Ninga?
October 30, 2000 1:35 PM   Subscribe

Ninga? Nintendo and Sega to form joint company. With Sony and M$ to contend with, it doesn't come as much of a surprise.
posted by john (28 comments total)
 
I prefer Sintendo
posted by owillis at 1:50 PM on October 30, 2000


Man. After 15 years of building consumer animosity (SEGA SUCKS! oops... instinct, sorry :-) towards the two products and companies, they're hooking up.

I'm intrigued, and somewhat disturbed. I wish there was more information about it.

ObNameMerge: Nintega.

(owillis' is better. sigh.)
posted by cCranium at 2:03 PM on October 30, 2000


I agree, bravo.

Perhaps, we can have crossover games like they do in comics.

Hedgehogs and Apes unite!
posted by john at 2:15 PM on October 30, 2000


How about a merged-name-anagram?

Eon Ant Design
Agent Sid Neon
Dang Sine Tone!
Saigon Needn't
posted by daveadams at 2:59 PM on October 30, 2000


The Genesis was always way better than the SNES. 6 buttons, my ass!
posted by Succa at 4:07 PM on October 30, 2000


SNES was SO much better than the Genecrap, what are you smokin, Succa? Sega has never had the classics like Metroid, Zelda, Mario, Donkey Kong, or Kirby's Adventure.....


posted by grank at 5:20 PM on October 30, 2000


Please! First of all, every sports game was always better on the Genesis.

Case in point: NHL '94 for the Genesis. Possibly the most fun game ever created.

Second of all, while the Mario games were great, their spin-offs weren't always so hot. Yoshi games, for example. And all the Wario stuff.

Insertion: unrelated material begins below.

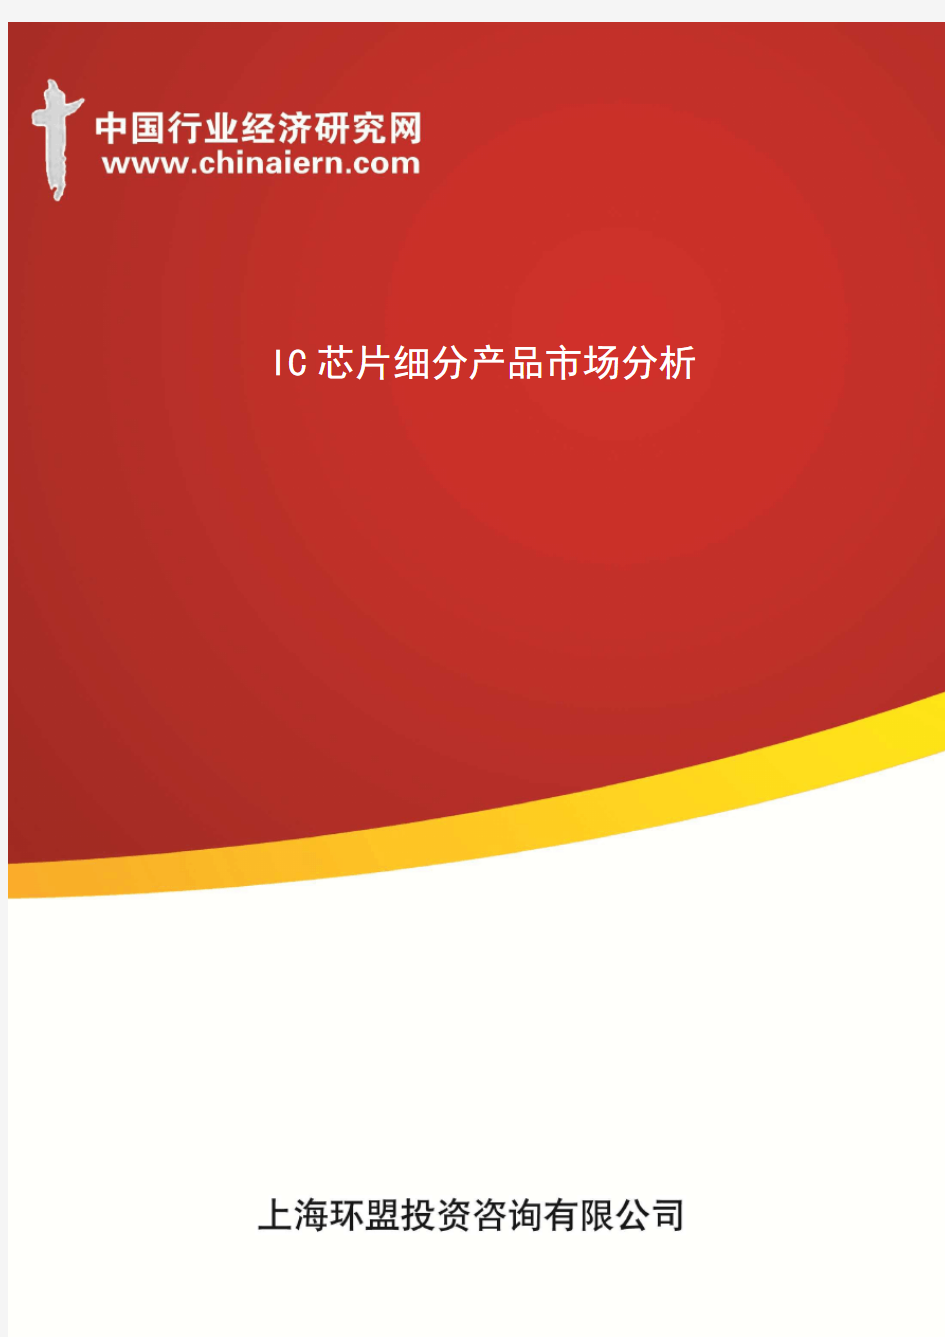 IC芯片细分产品市场分析(上海环盟)

I just never liked the SNES controller. The controller makes the console, IMO. The Genesis controller still remains the best one I've used.
posted by Succa at 5:32 PM on October 30, 2000


Mmmm. NHL '94 for Genesis ...

Man, those were the days. 2nd-3rd year of University, playing NHL '94 until our eyes were too dry to shut. That was the only console action I was ever into (since Intellivision). Genesis controller was much, much better.
posted by sylloge at 5:42 PM on October 30, 2000


bah!
console wars.
To find the best console, all you need is one word: Squaresoft.

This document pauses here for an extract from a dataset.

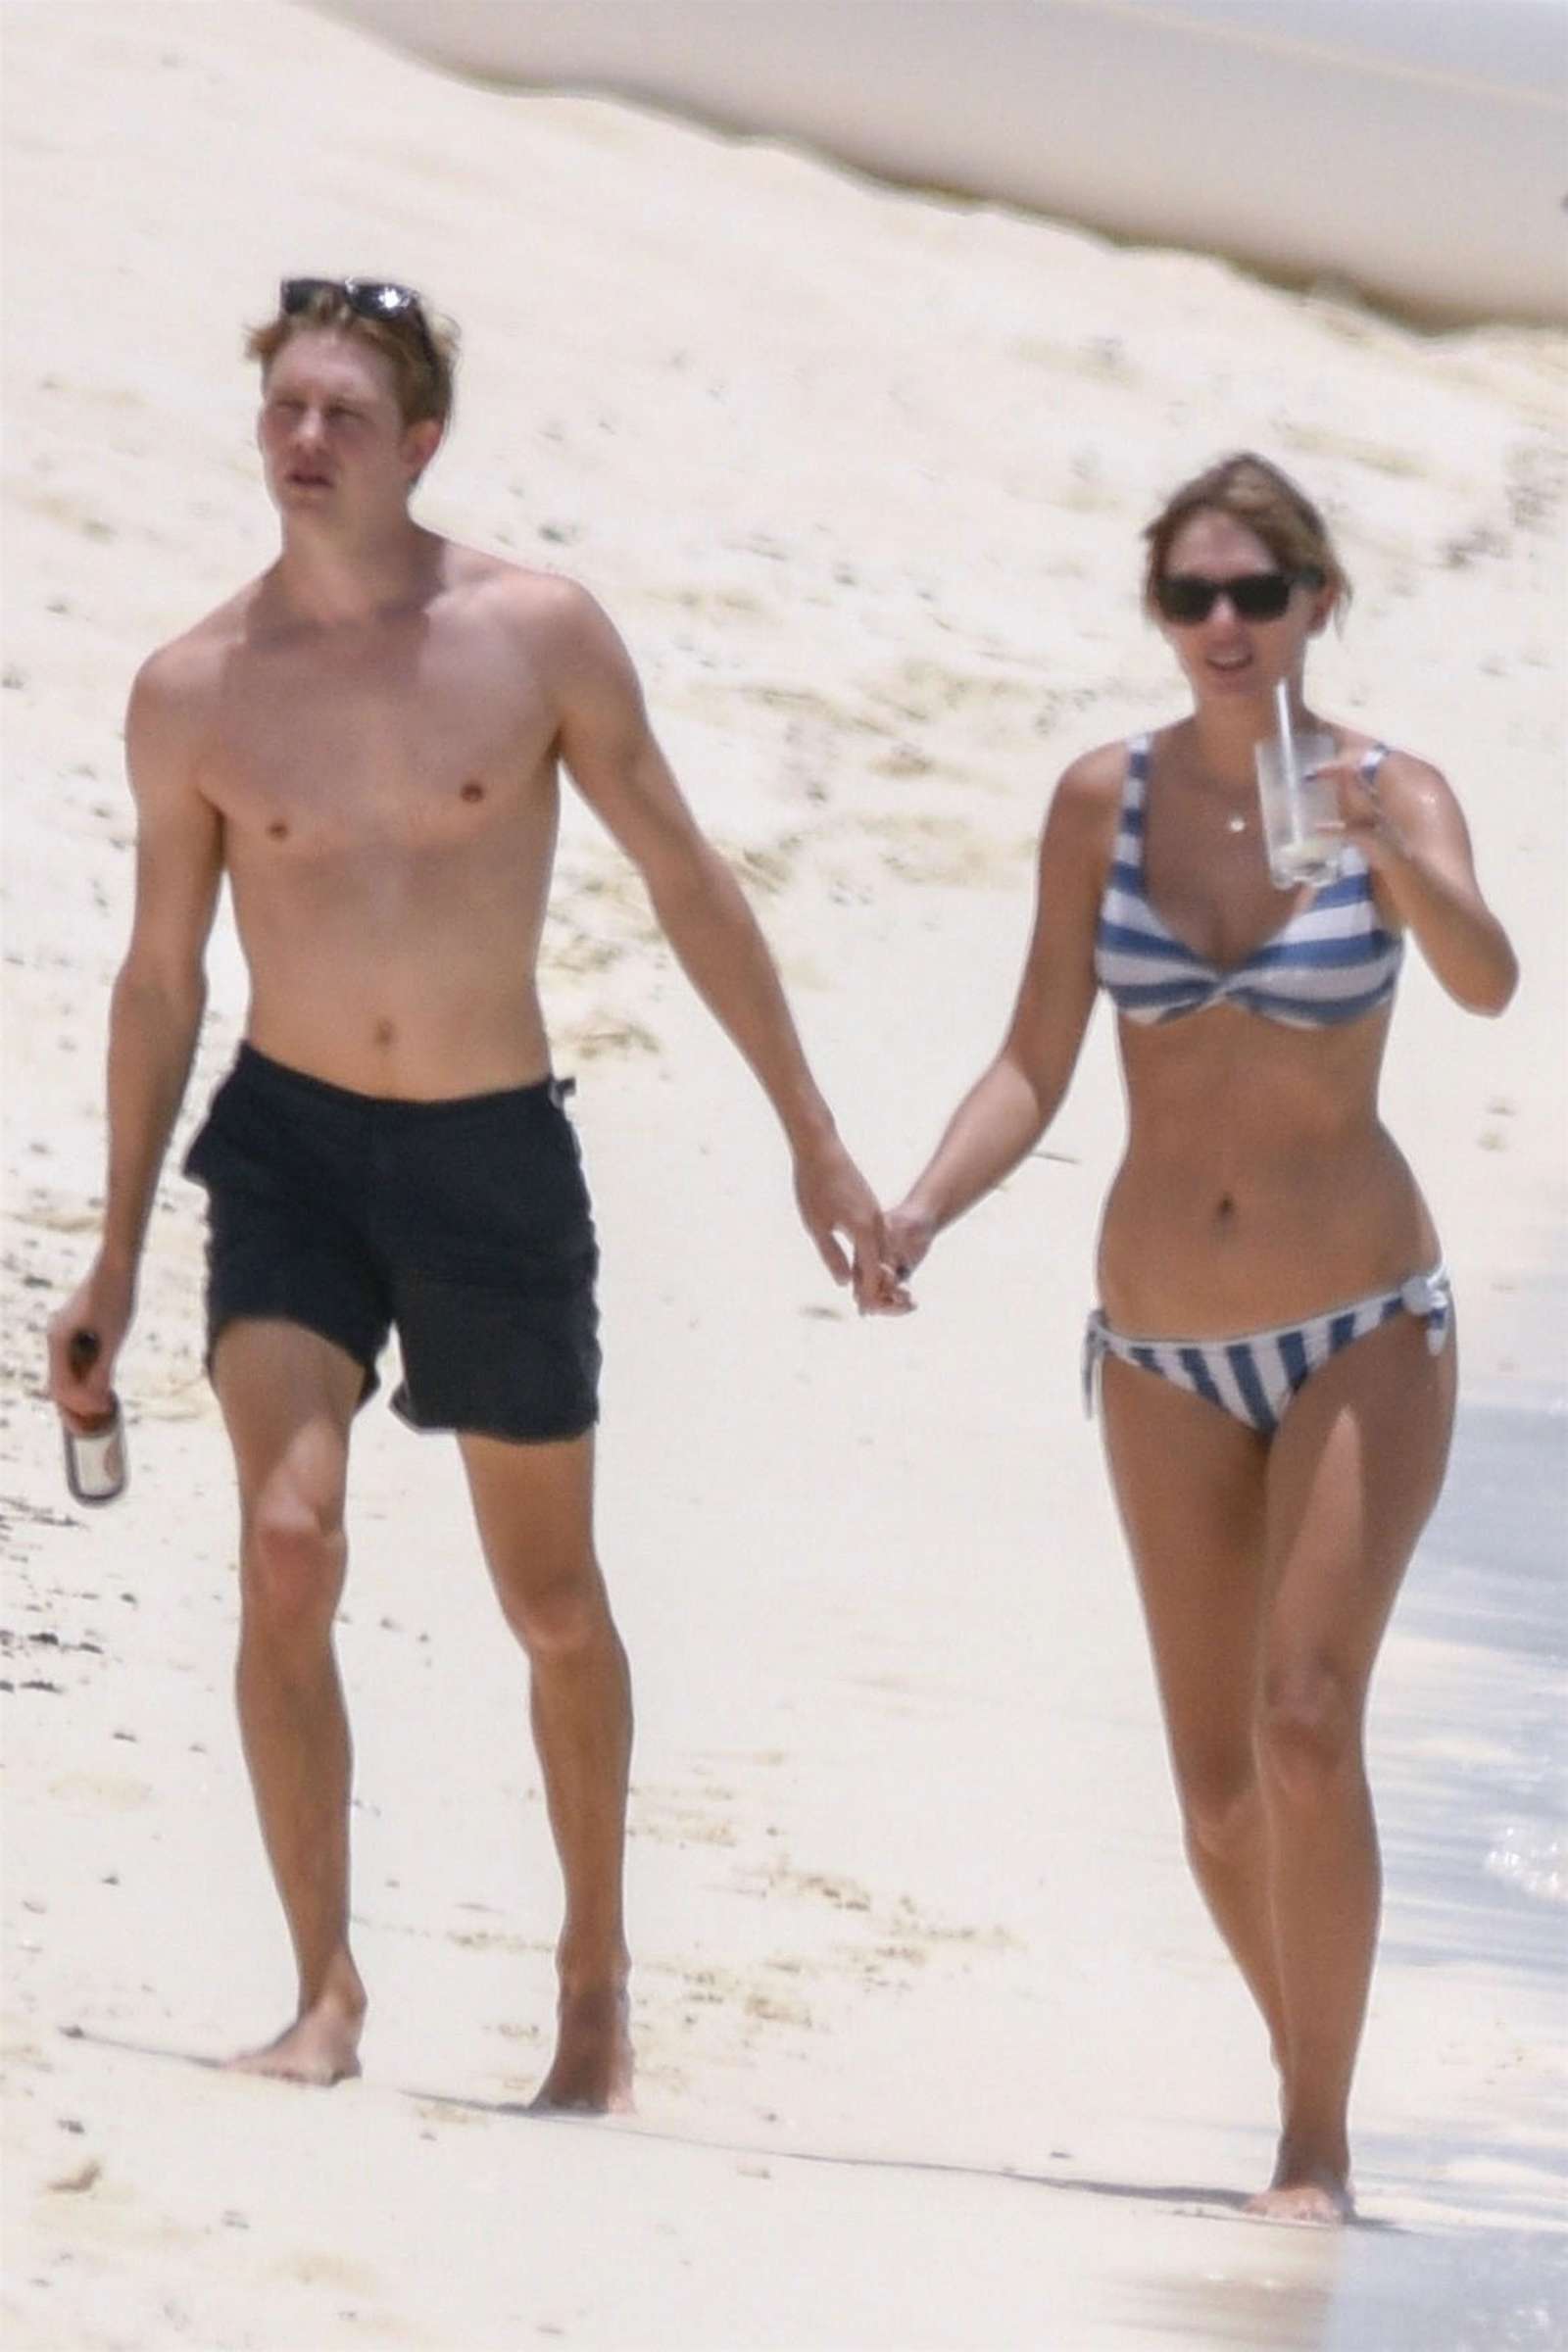 Taylor Swift in Bikini with her boyfriend Joe Alwyn at the beach in Turks and Caicos

Hence, SNES was better than Genesis.
(though I must admit that NHL '94 was better on the Gen...)
posted by mkn at 6:21 PM on October 30, 2000


that's OLDSCHOOL squaresoft, back when all the games they made weren't the same
posted by starduck at 6:35 PM on October 30, 2000


Was NHL '94 the one where you could make the opponents bleed?

"Hell hath no fury like a woman scorned for Sega."
-- Brodie
posted by mathowie at 6:35 PM on October 30, 2000


Re: Mario spinoffs; Wario Land 2 and 3 for the Gameboy were pretty danged fun, actually. They were platformers with a twist: you couldn't die. You could be set on fire, though, or squished, turned into a zombie, turned grossly fat by donut-throwing monsters, etc. etc. Having these status changes inflicted upon you was necessary to get through the game--and there were plenty of secrets to unlock, too. (For instance, Wario Land 2 had secret branching storylines--first time I've ever heard of that in a platform game.)
posted by darukaru at 7:03 PM on October 30, 2000


I think in '94 they took fighting out and replaced it with bleeding. It was also the birth of the one-time pass.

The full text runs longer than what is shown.